11.5 As the supplier of the adhesive, we can certainly guarantee a consistent adhesive quality, which we would be happy to document in the form of a certificate of analysis. Our technical data sheets contain only non-binding notices in terms of a recommendation. The information and technical data contained herein do not constitute any assurance of quality. Any liability regarding the content of the data sheet is therefore excluded to the extent permitted by law; wilful or negligent infringement of contractual obligations are excluded from this. Moreover, the information contained in this technical data sheet does not constitute any assumption of liability with respect to the product being suitable for the relevant application. It is therefore essential that the user tests the adhesive provided by us with the original parts intended for application, taking into consideration the relevant production and use conditions. This also applies in the event of changes made as part of an ongoing processing or production procedure.
11.6 Furthermore, please note that the distributor or the filler/packer decides whether a material and/or object intended to come into contact with food is harmless within the meaning of Article 3 of Regulation (EC) No. 1935/2004. Corresponding tests are therefore not carried out by us.
12. Data Privacy and Confidentiality
12.1 We shall be entitled to store Customer’s data and to process and use such data in accordance with the law for our business purposes.
12.2 Any mutually obtained or used documents, shared knowledge and exchanged information shall be exclusively used for the purpose of performance of each of the contracts and shall not be disclosed to third parties, unless their object is the disclosure to third parties or such information is in the public domain.
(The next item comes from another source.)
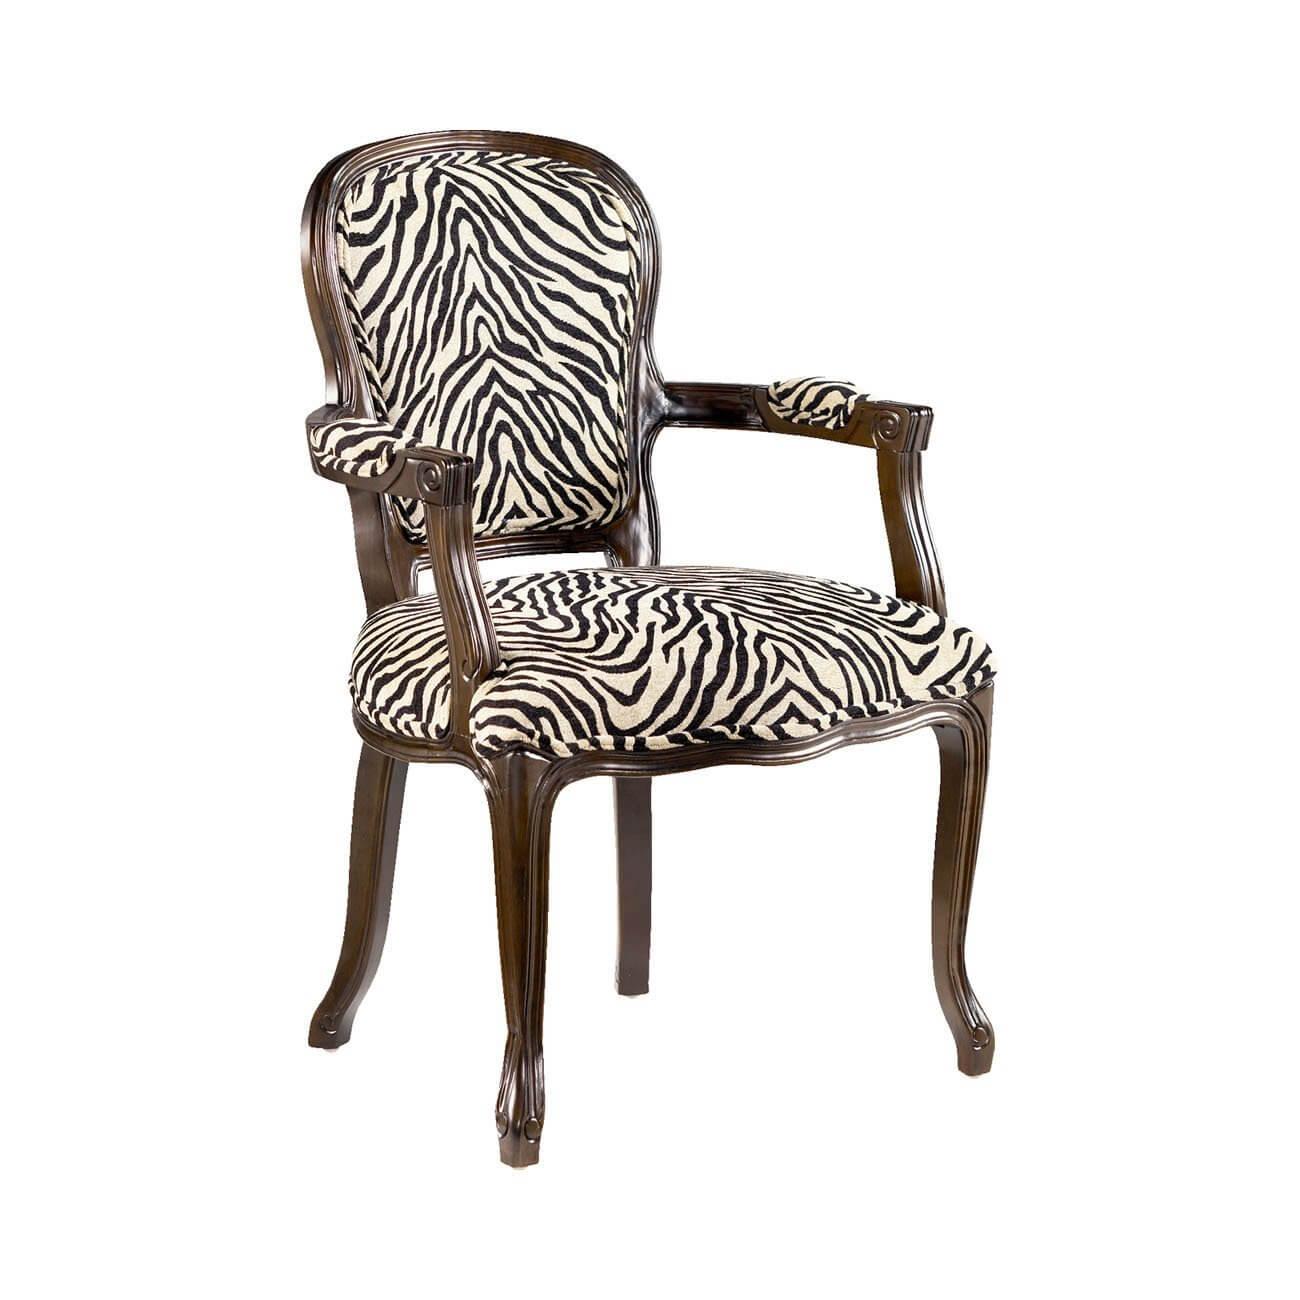 Fauteuil Zebra avec cadre en bois

We reserve the right to share information with third parties (e.g. insurances companies) provided that this is necessary for the fulfillment of the contract.
13. Jurisdiction and Applicable Law
13.1 The courts of Bremen (city of Bremen) shall have exclusive jurisdiction and venue for any litigation that may directly or indirectly arise out of all individual contractual relationships with Customer. Such jurisdiction and venue shall include, but not be limited to, matters arising from documents, bills of exchange and checks. We shall, however, at our sole discretion, also be entitled to assert claims against Customer before courts having jurisdiction and venue at Customer’s place of business.
13.2 The law of the Federal Republic of Germany shall apply; the United Nations Convention on Contracts for the International Sale of Goods (CISG) of 11 April 1980 shall be excluded. This equally applies to all other provisions on international uniform law.
14. Partial Invalidity
Should any of the provisions contained in a contract with the Customer concerning the delivery of goods and the performance of services, of which these General Terms and Conditions form an integral part, be or become invalid, the remaining provisions shall thereby remain unaffected. Should a contract or these General Supply Conditions contain any loopholes, those legally valid provisions that would have been agreed upon by the contractual partners according to the commercial objective of the contract and the purpose of these General Supply Conditions, had they been recognized as loopholes, shall apply to close these loopholes.